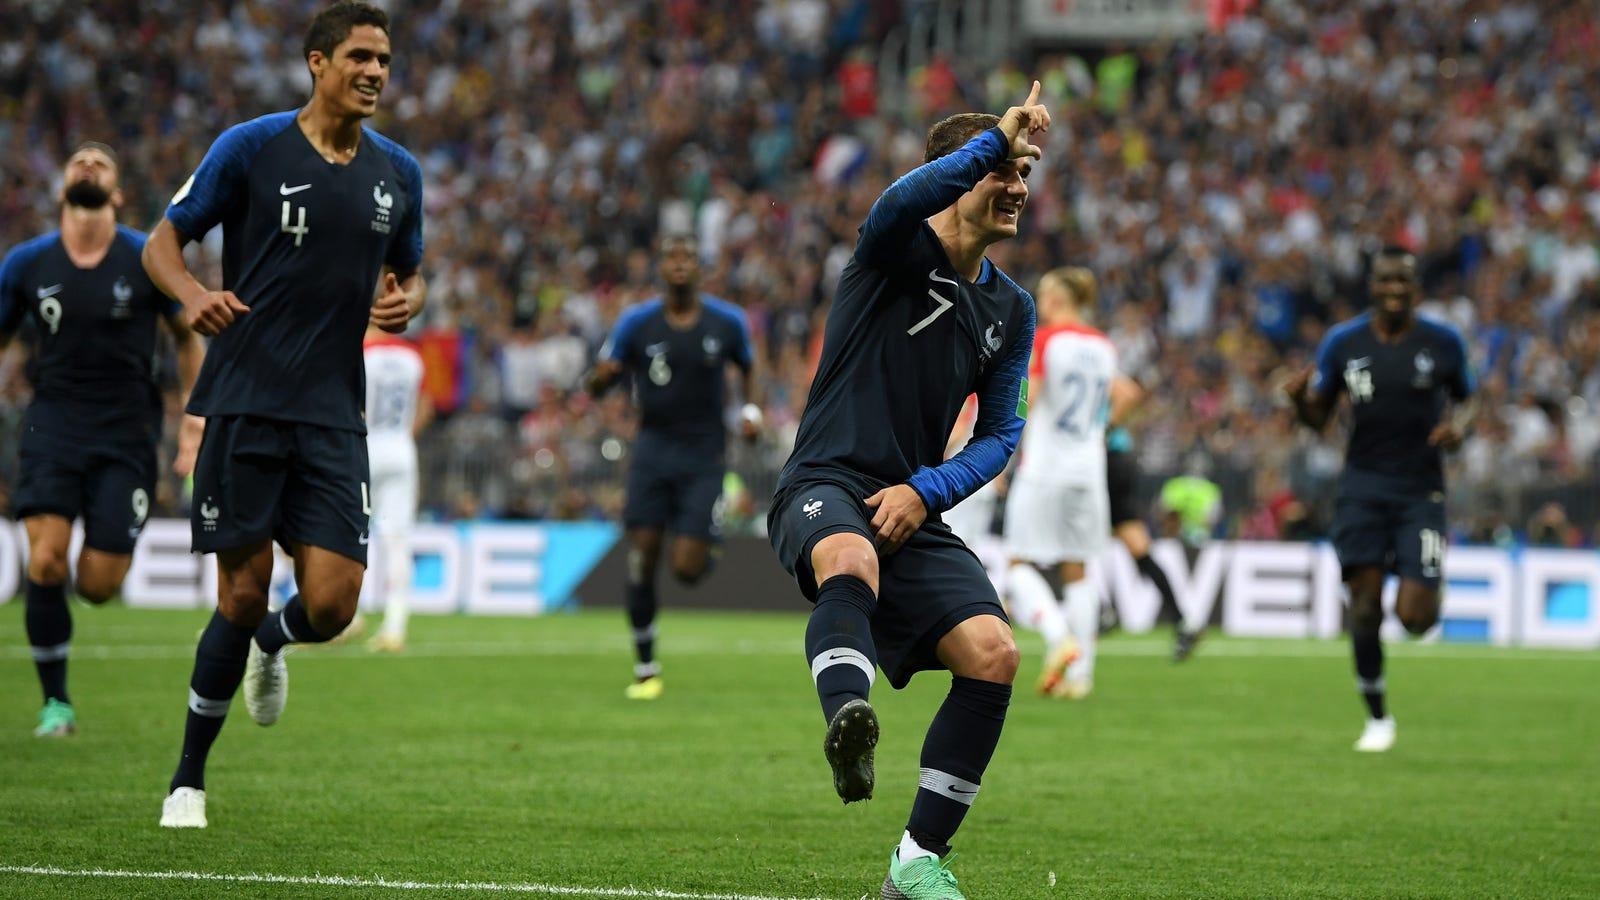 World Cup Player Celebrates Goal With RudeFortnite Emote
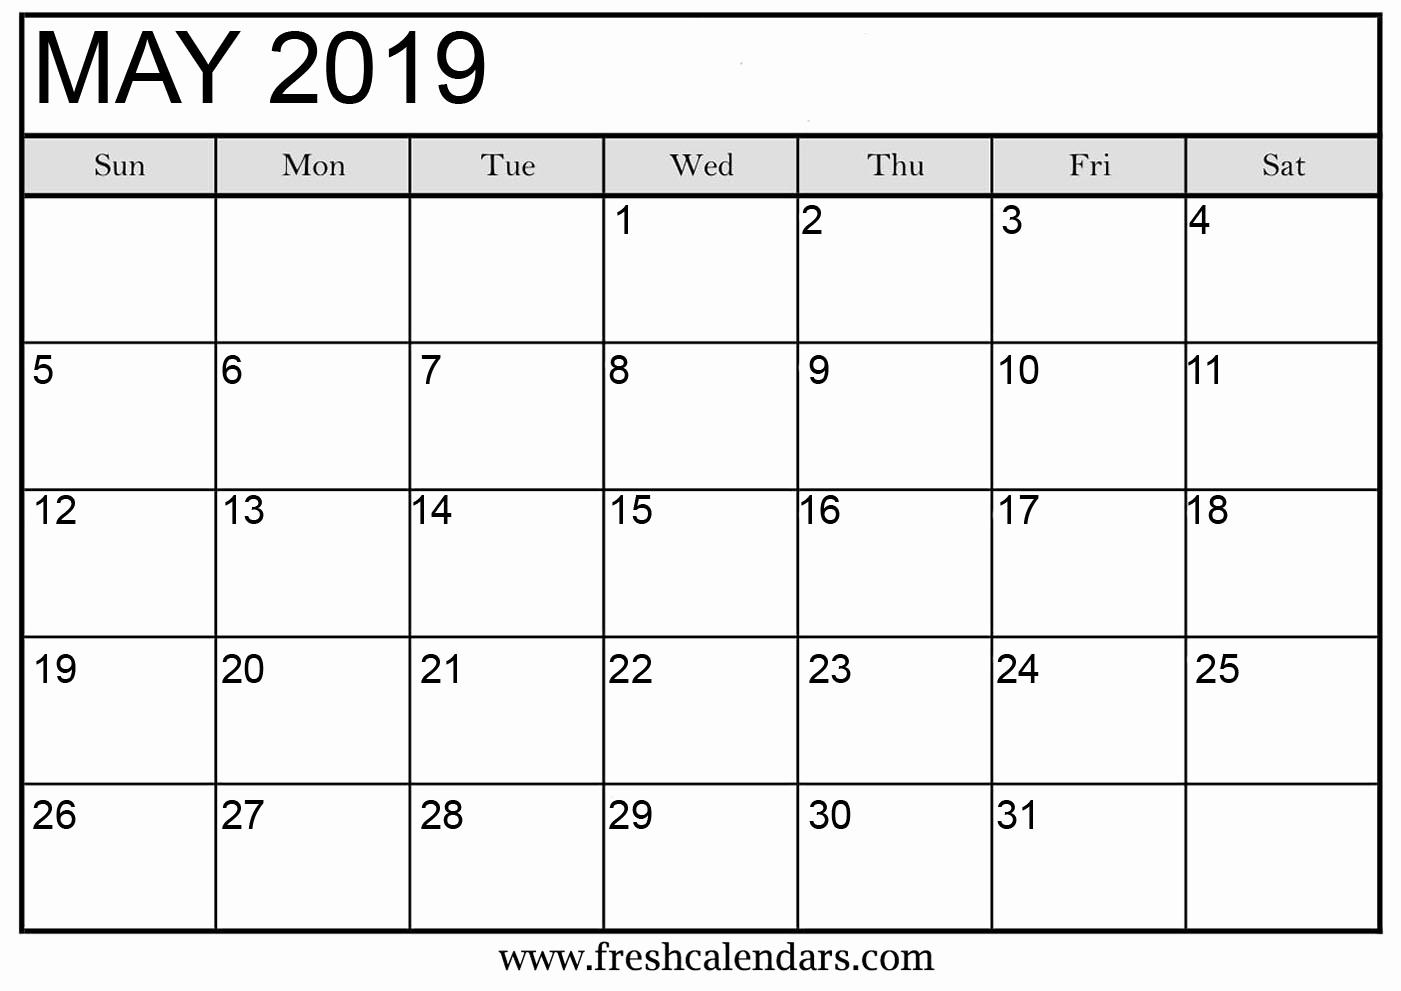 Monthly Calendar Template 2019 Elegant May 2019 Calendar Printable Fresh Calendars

---

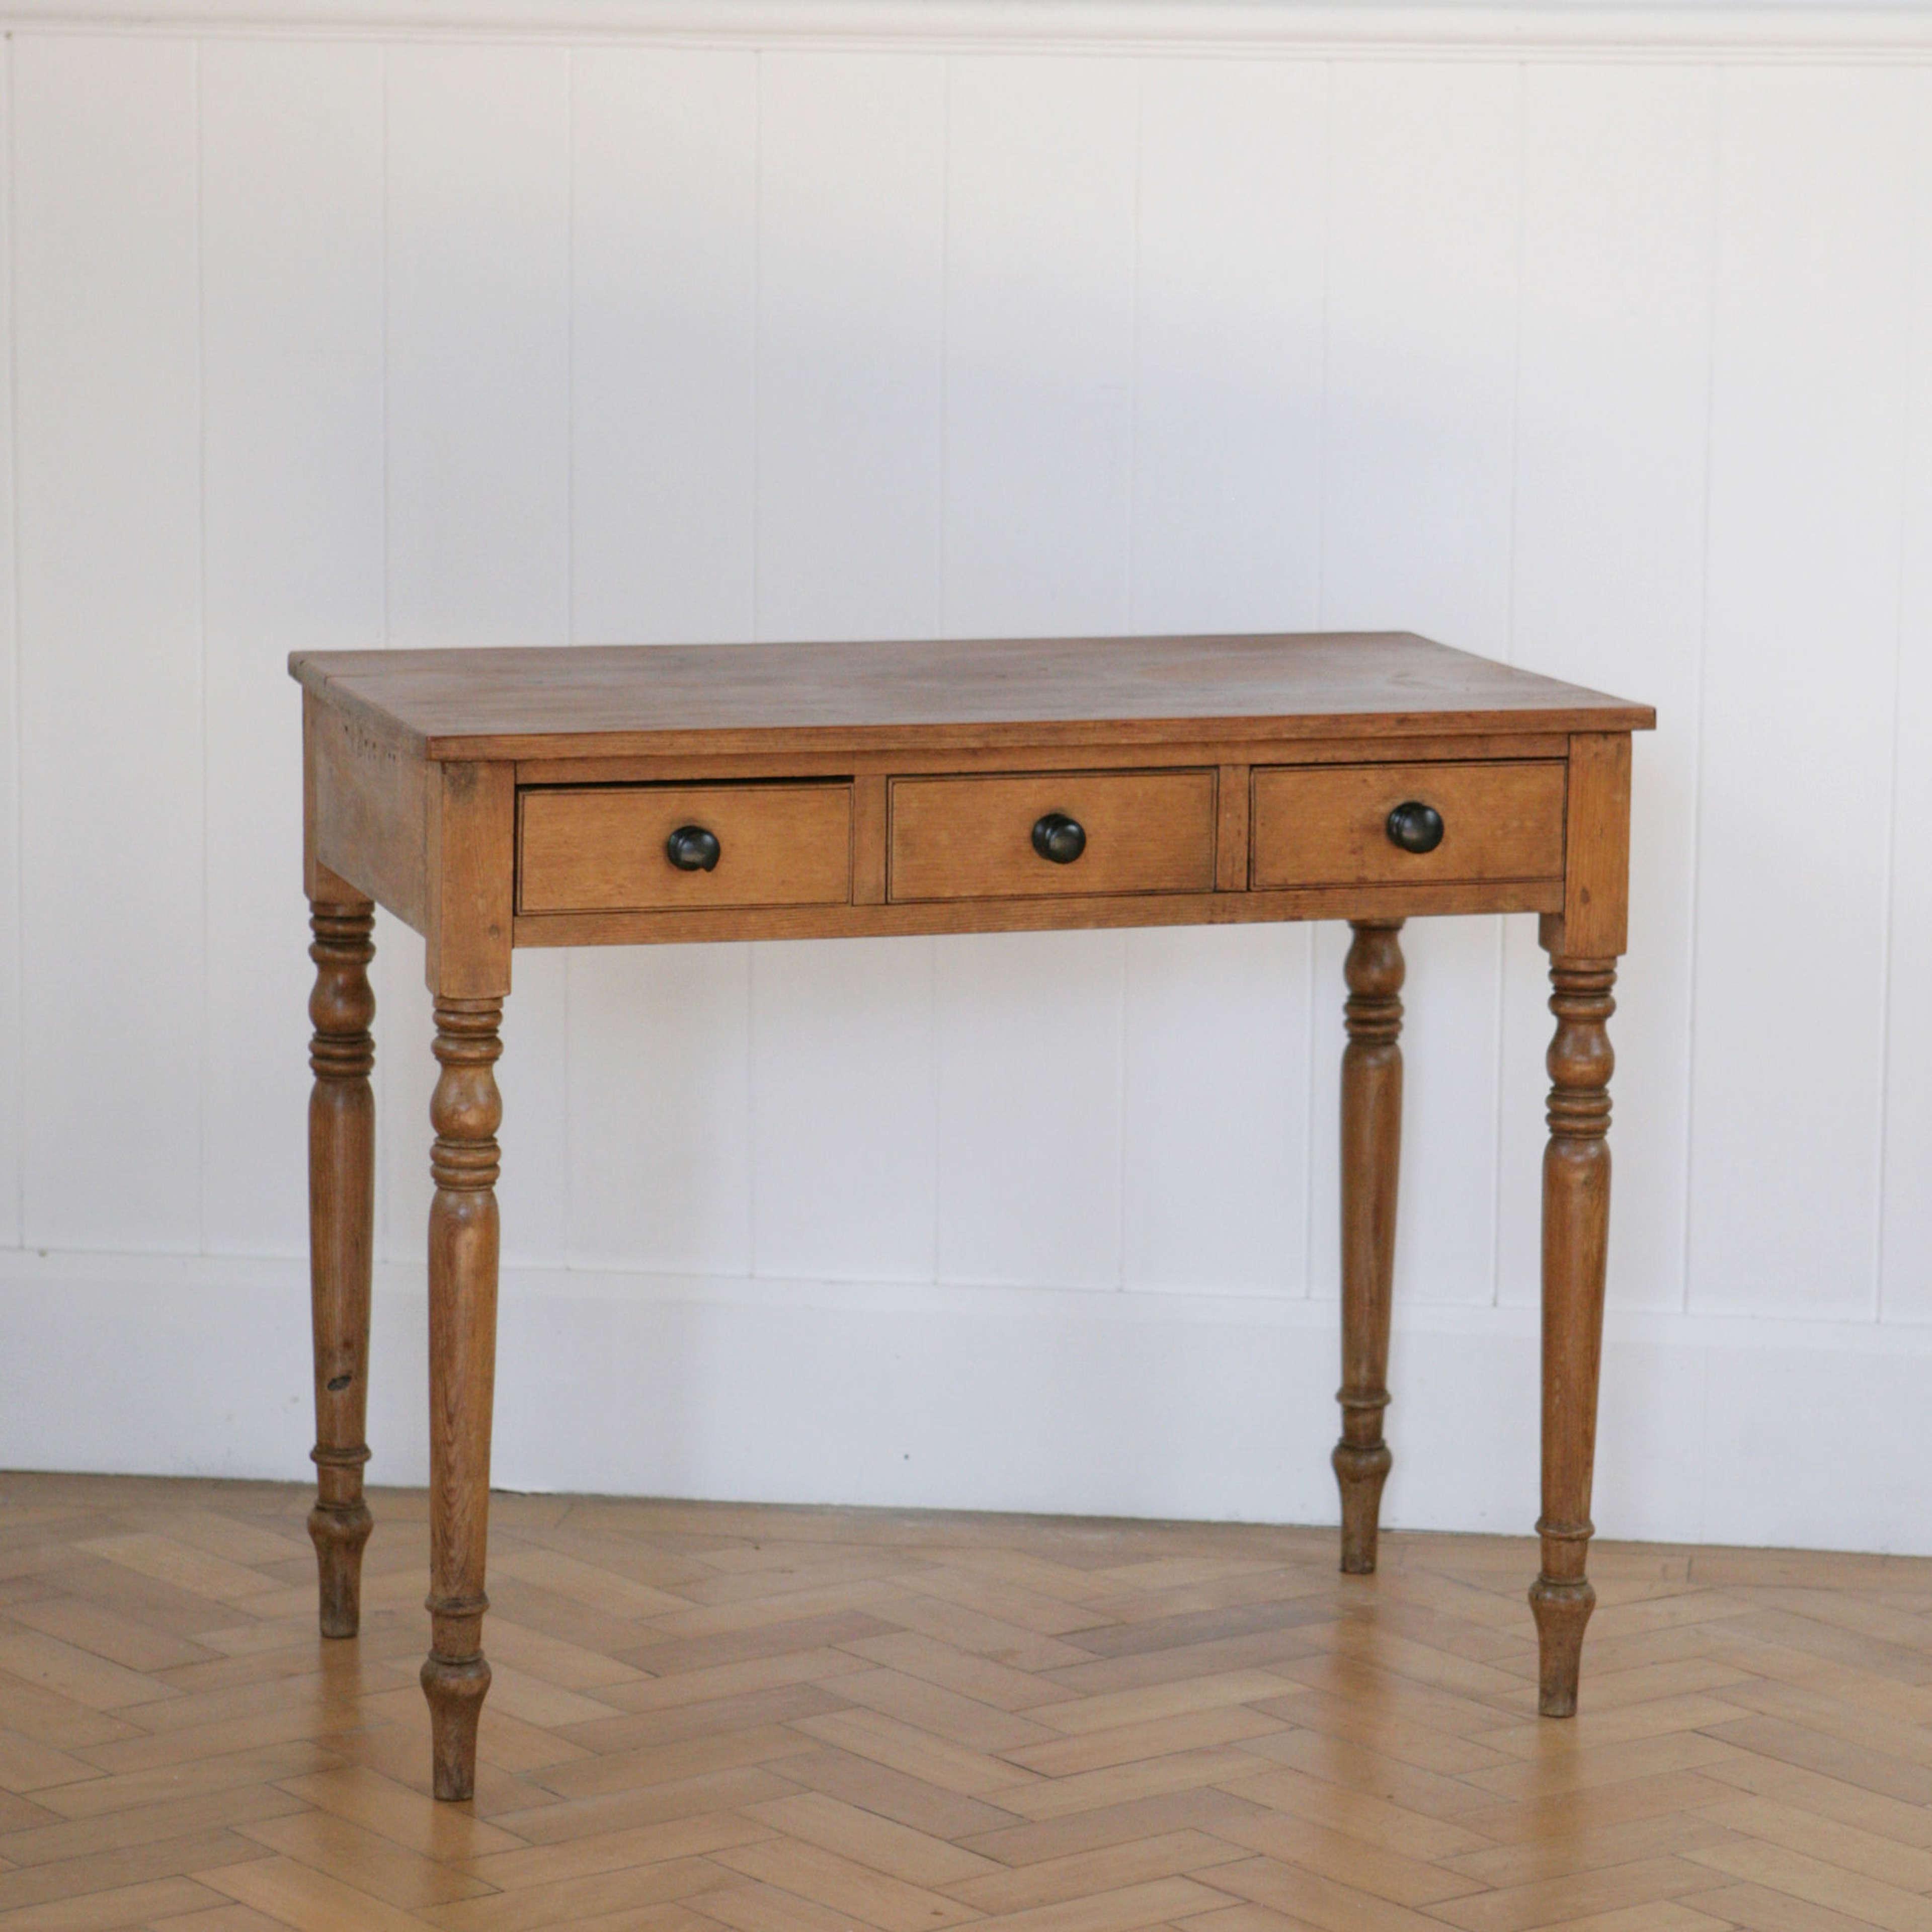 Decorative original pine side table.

Task objective: Out of the records above, please copy exactly the lines from the line with "World Cup Player" up to and including the line with "Monthly Calendar Template", minus the pictures.

Finished task:
 World Cup Player Celebrates Goal With RudeFortnite Emote
 Monthly Calendar Template 2019 Elegant May 2019 Calendar Printable Fresh Calendars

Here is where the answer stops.